Again Dell, Amazon etc all do this!
* If your site participates in an affiliate program, make sure that your site adds value. Provide unique and relevant content that gives users a reason to visit your site first.
Hi Mark, I just viewed your blog. I see you have been doing design/marketing, etc for 7 years now. I am quite surprised by the post you just made. I really, really am. This stuff is not hard. You must be learning at some strange places. For some reason you cannot understand the guidelines and what they mean. Is this really true or is your post just being sarcastic?
“* Avoid tricks intended to improve search engine rankings. A good rule of thumb is whether you’d feel comfortable explaining what you’ve done to a website that competes with you. Another useful test is to ask, “Does this help my users? Would I do this if search engines didn’t exist?””
Why do you say that is “insane”? What about that paragraph don’t you understand?
Matt.
Why are Goos guidlines so cryptic?
Why is there never a concrete example of your guidlines in action? You could purposefully setup some example sites so we can the guidlines in practice.
I note your affiliate link guidelines. What makes an affiliate site valuable?
Take a look at Moneysupermarket.com. is this about to be penalised?
Try not to give me a politicians answer please, it helps nobody.

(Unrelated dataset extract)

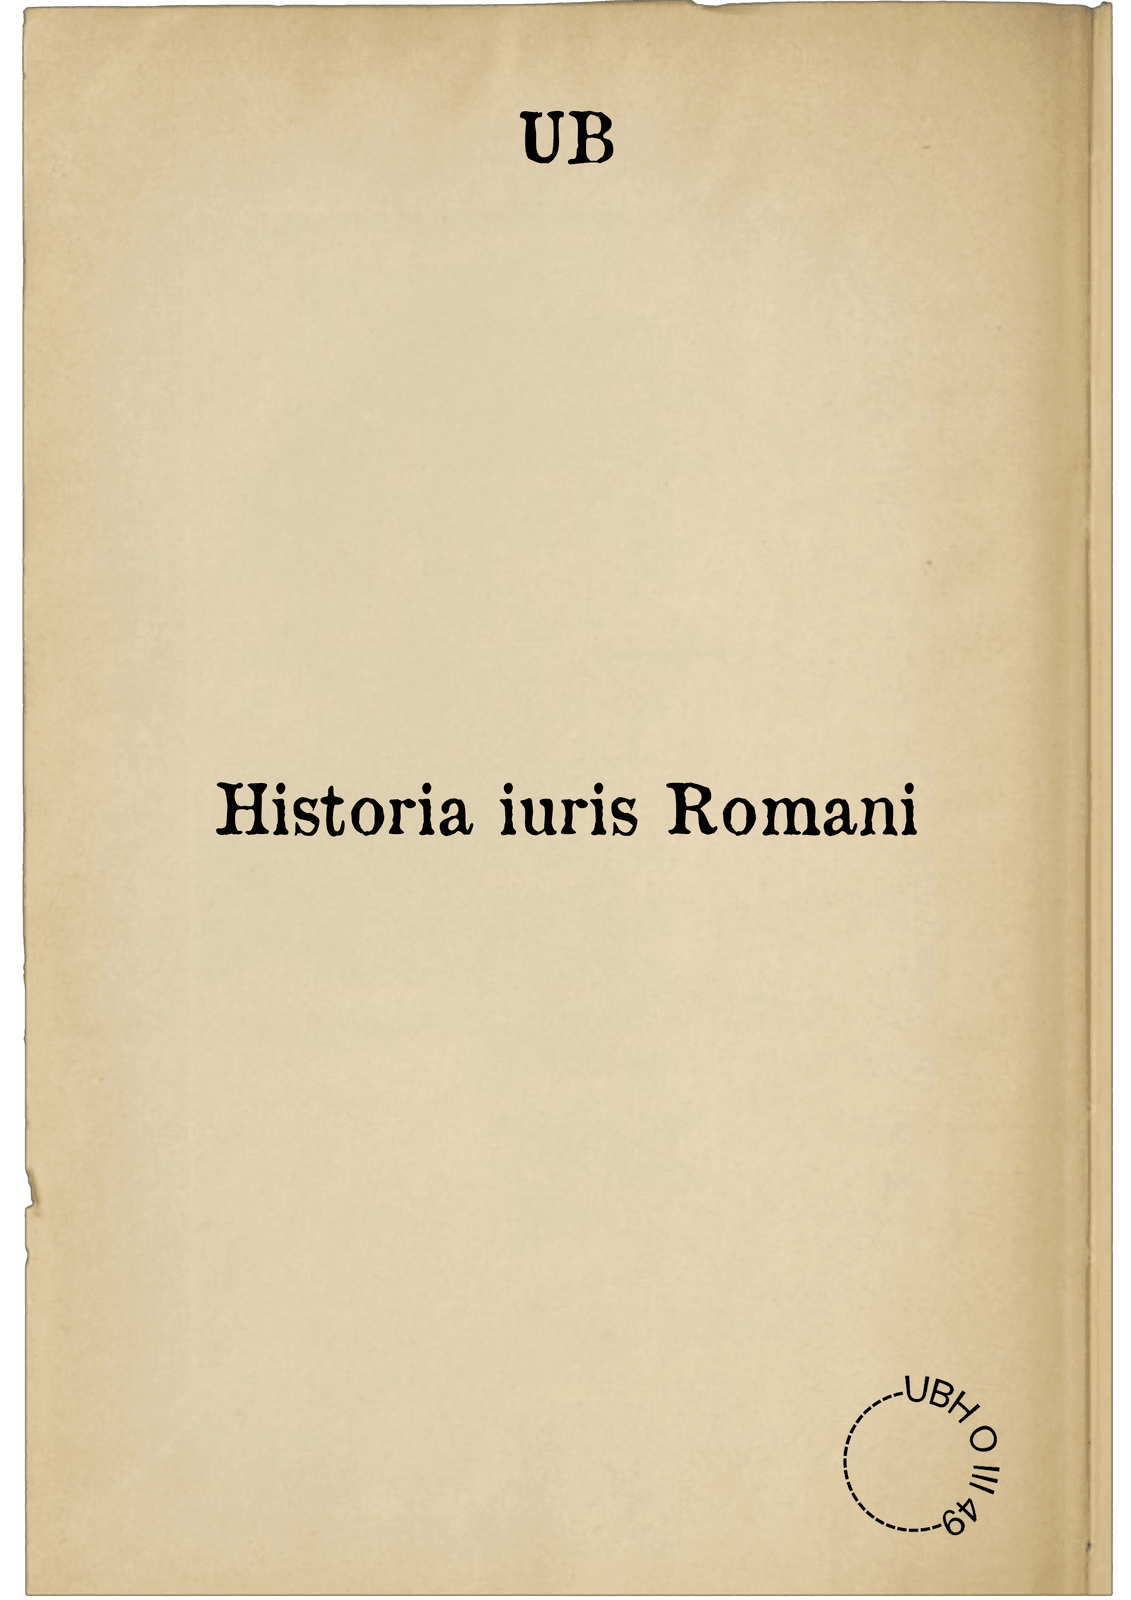 Historia iuris Romani

Doug: Its insane because they cant 100% automatically kick spammy sites out… there are always people trying to trick their way to the top and while i dont condone black hat techniques, there needs to be some way of evening the playing field.
Its like the police asking the law abiding to ‘be nice’ whilst there are murderers at the door.
Keniki hush those gums and go build some more “accessibility” link farms 🙂
Well sure Mark, but it’s that way no matter what we may be discussing. There are always bad people in every industry and walk of life. Your prior post makes it seem like you didn’t understand the guidelines at all. Spammy results are in every search engine. That’s nothing new. Any site practicing se spam will “eventually” get caught at it. The guidelines are truly what they are….. guidelines. They are meant for owners and webmasters as a “guide” to what is a good site for the Google users of their search engine. If people choose not to follow them, then they choose to be people who love to gamble with their sites/businesses/domains. Personally; I’d rather sleep well at night knowing that when I get up, no client or site of mine will be banned or penalized.
Doug, I agree. Mark these are guidelines. As Matt said at a conference … and Matt, feel free to edit if I’m wrong …
“You are free to do what you want as a webmaster, I am fully supportive of that idea. These are just guidelines. But by the same token, I am (Google is) also free to remove you from the results if you do something that violates our quality guidelines.”
igor, don’t use matt’s comments to discuss other topics. that’s called hijacking. if you want to talk about me please contact me. what you said about supplemental is wrong, the end.
sebastian, thanks for echoing my point and the points of others.
Doug Heil Said,
July 2, 2007 @ 5:18 am
“Your prior post makes it seem like you didn’t understand the guidelines at all.”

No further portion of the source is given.